Please check the appropriate box below, so that we, The United States Government, know why you chose to vote in the most recent election last Tuesday. Your answer will remain strictly confidential.*

? Guilt.

? A particularly factual attack ad.

? Free chocolate macadamia nut cookies from the local PTA!

? No football on Tuesday. (MOST POPULAR OPTION)

? You slowed down when you saw Henderson Dental's 40-foot tall political billboard. Then you Googled the candidate's platform and finally decided to make an illegal U-turn and go vote.
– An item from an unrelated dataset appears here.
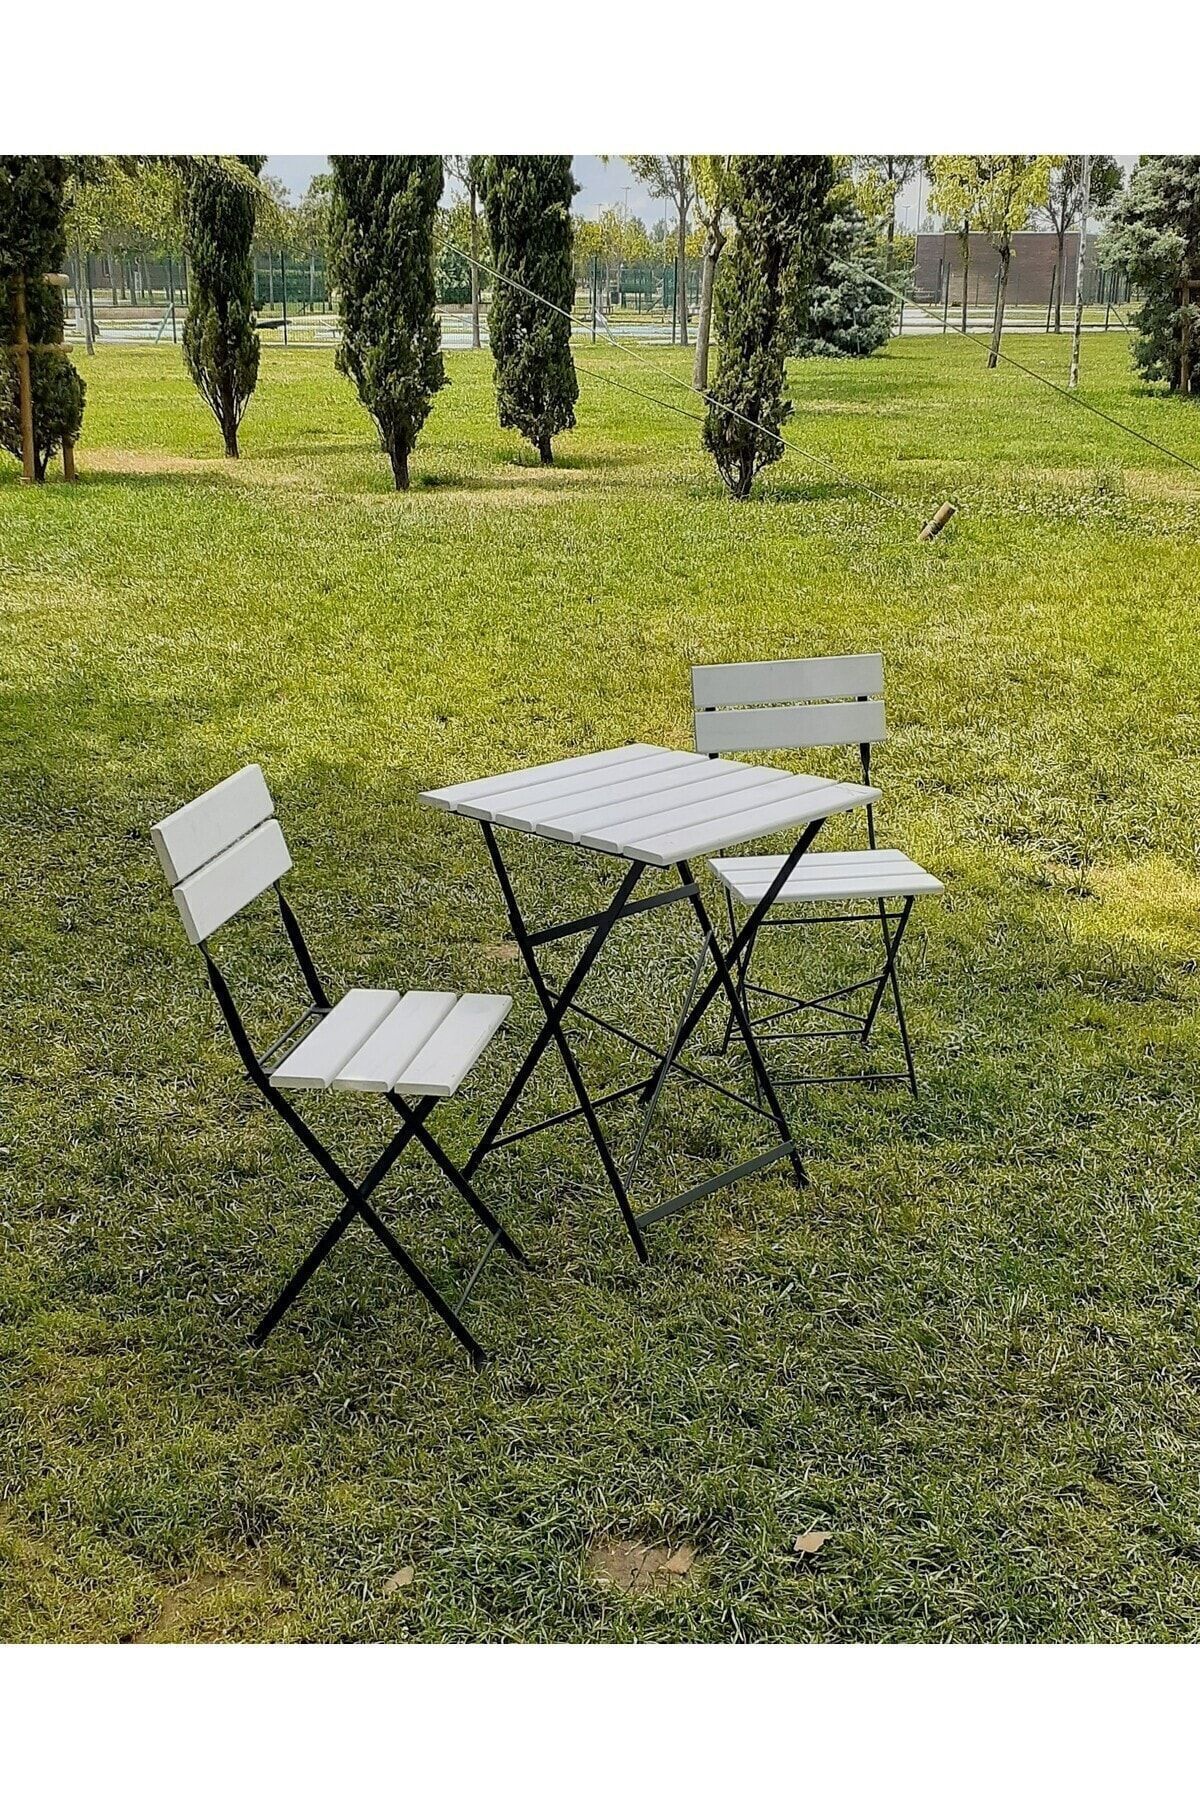 Zemes Design Beyaz Katlanır Masa Sandalye Kamp Bahçe Balkon Mutfak Takımı 2 Sandalye 1 Masa Bistro (Verniklidir)

All while holding up traffic on County Road E. ASSHOLE!

? To get the stupid sticker so Margaret from the office will shut up about "Civic Duty."
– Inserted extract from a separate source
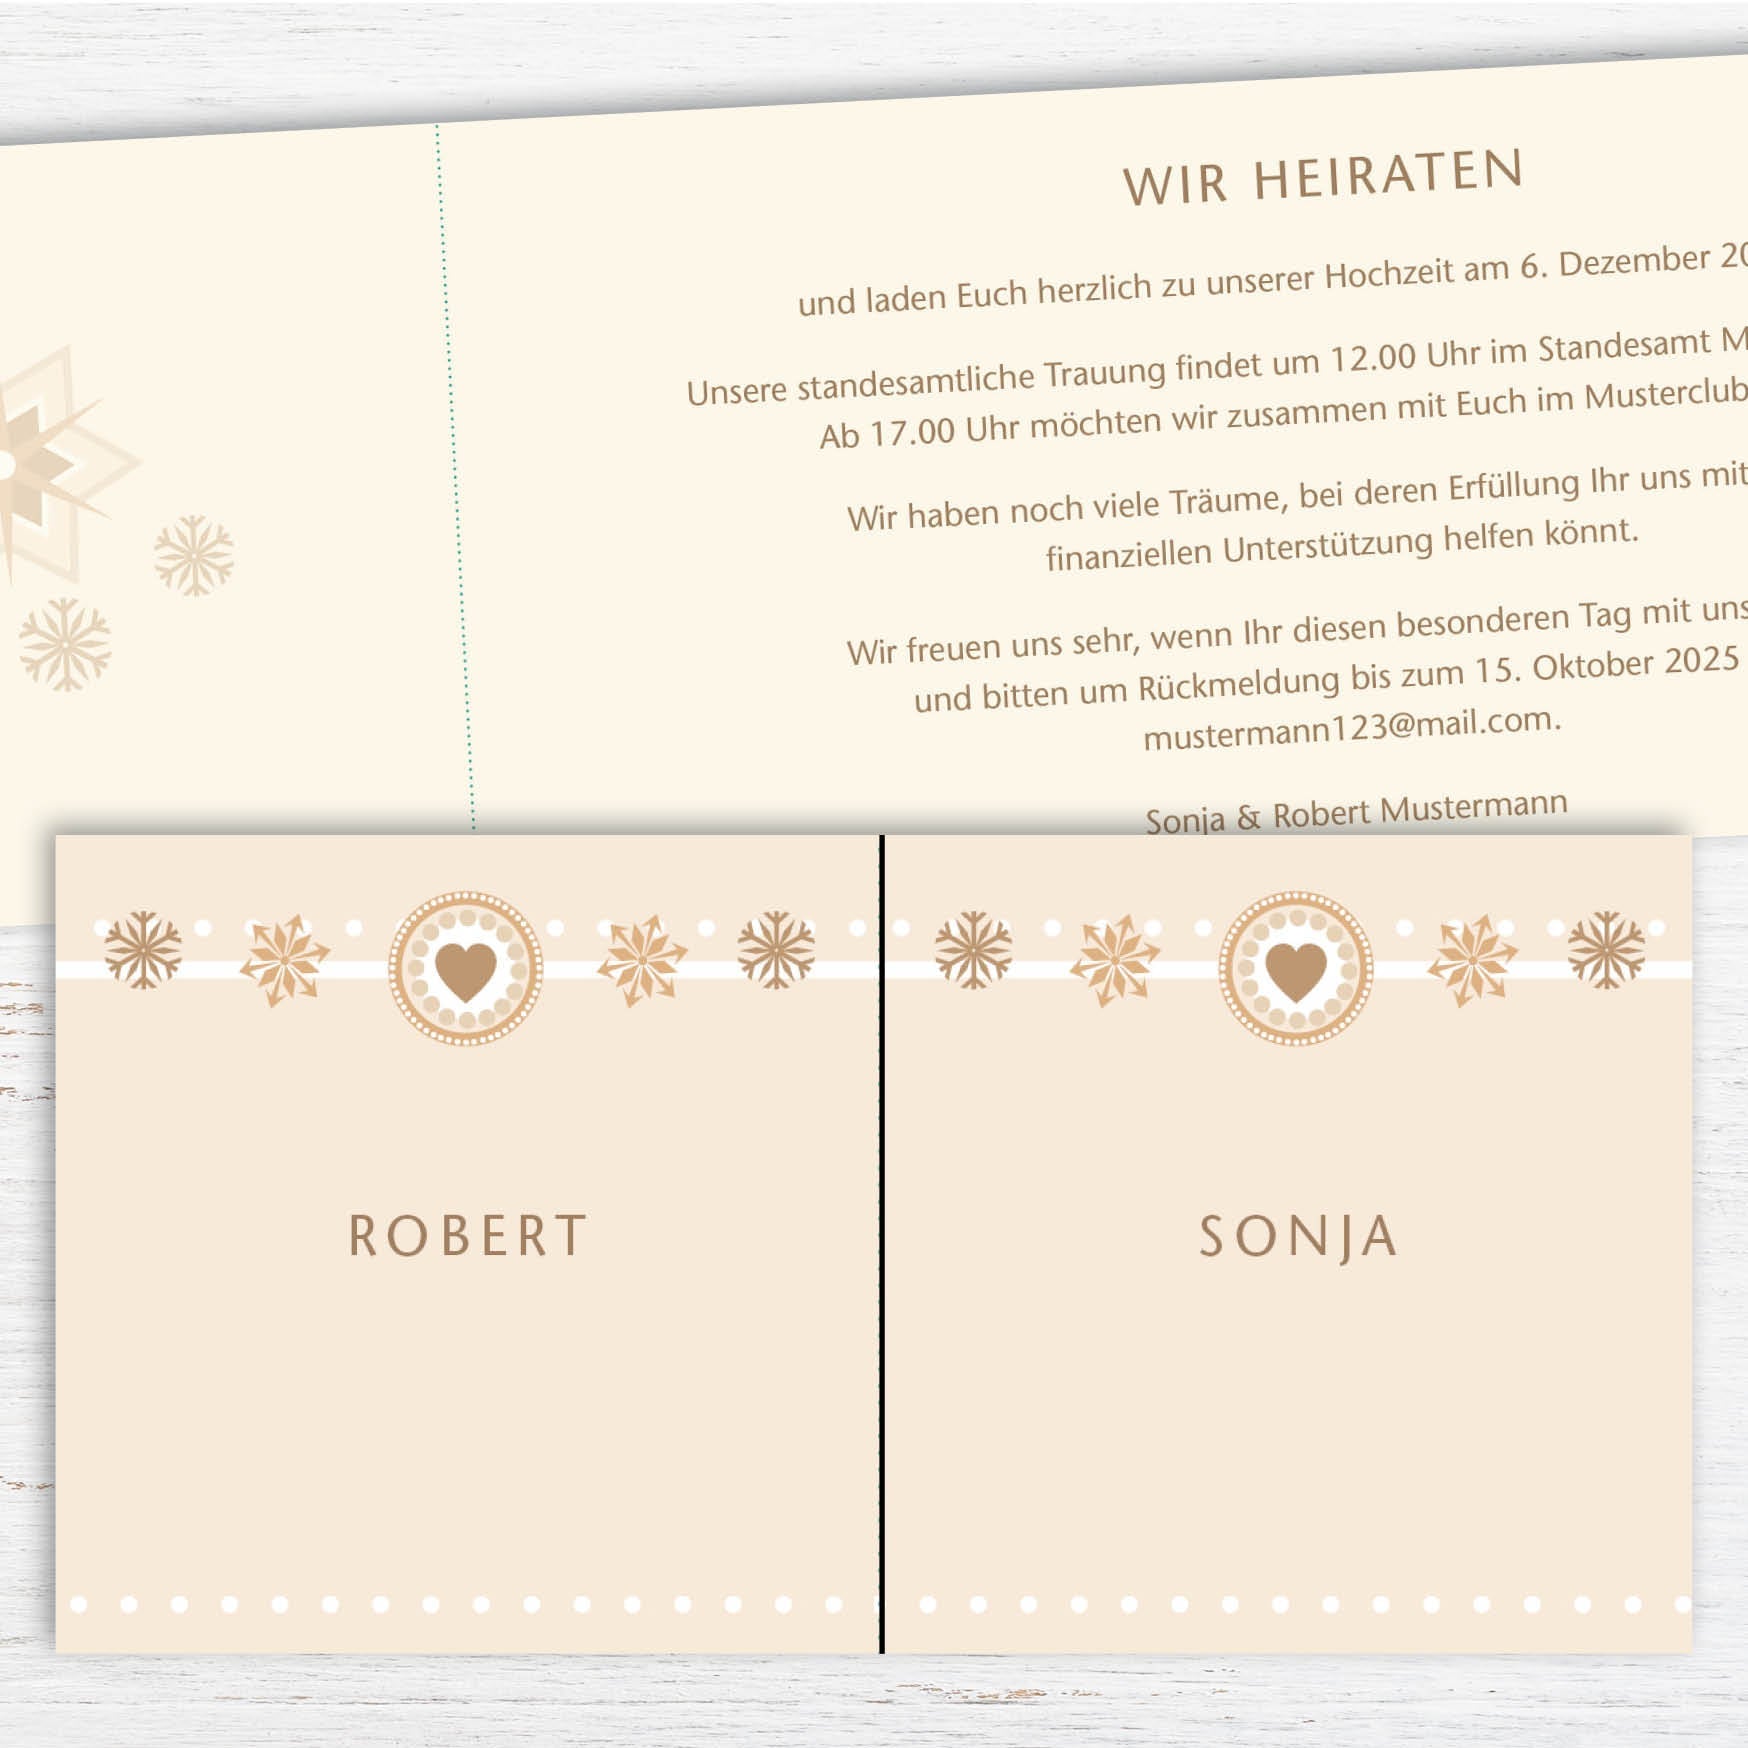 Einladungskarte zur Hochzeit: Winter Hochzeit Individuelle Einladung

? Writing in "Pee Wee Herman" makes you feel alive once every two years. Sometimes four years when the election cycles line up that way 🙁 🙁

? To flirt with vulnerable wives who recently engaged in vicious political arguments with their husbands.

? You thought this was the Lays "Do Us a Flavor" vote.

? The voting booth is a nice, safe place to cry.

? Civics 301 extra credit.

? Stacy wants an Instagram of the hilarious title, "Clark County Judge Harry Dixon."

? You want to get video of an elected official committing the most hilarious gaffes for you to watch over and over at work.

Judge Harry Dixon has a big dictionary
Judge Harry Dixon also has a big dixionary.

*Maybe. Well, probably. I mean, unless we can find a good reason to use it against you. Not YOU, personally, per se, just you as a collective citizenry.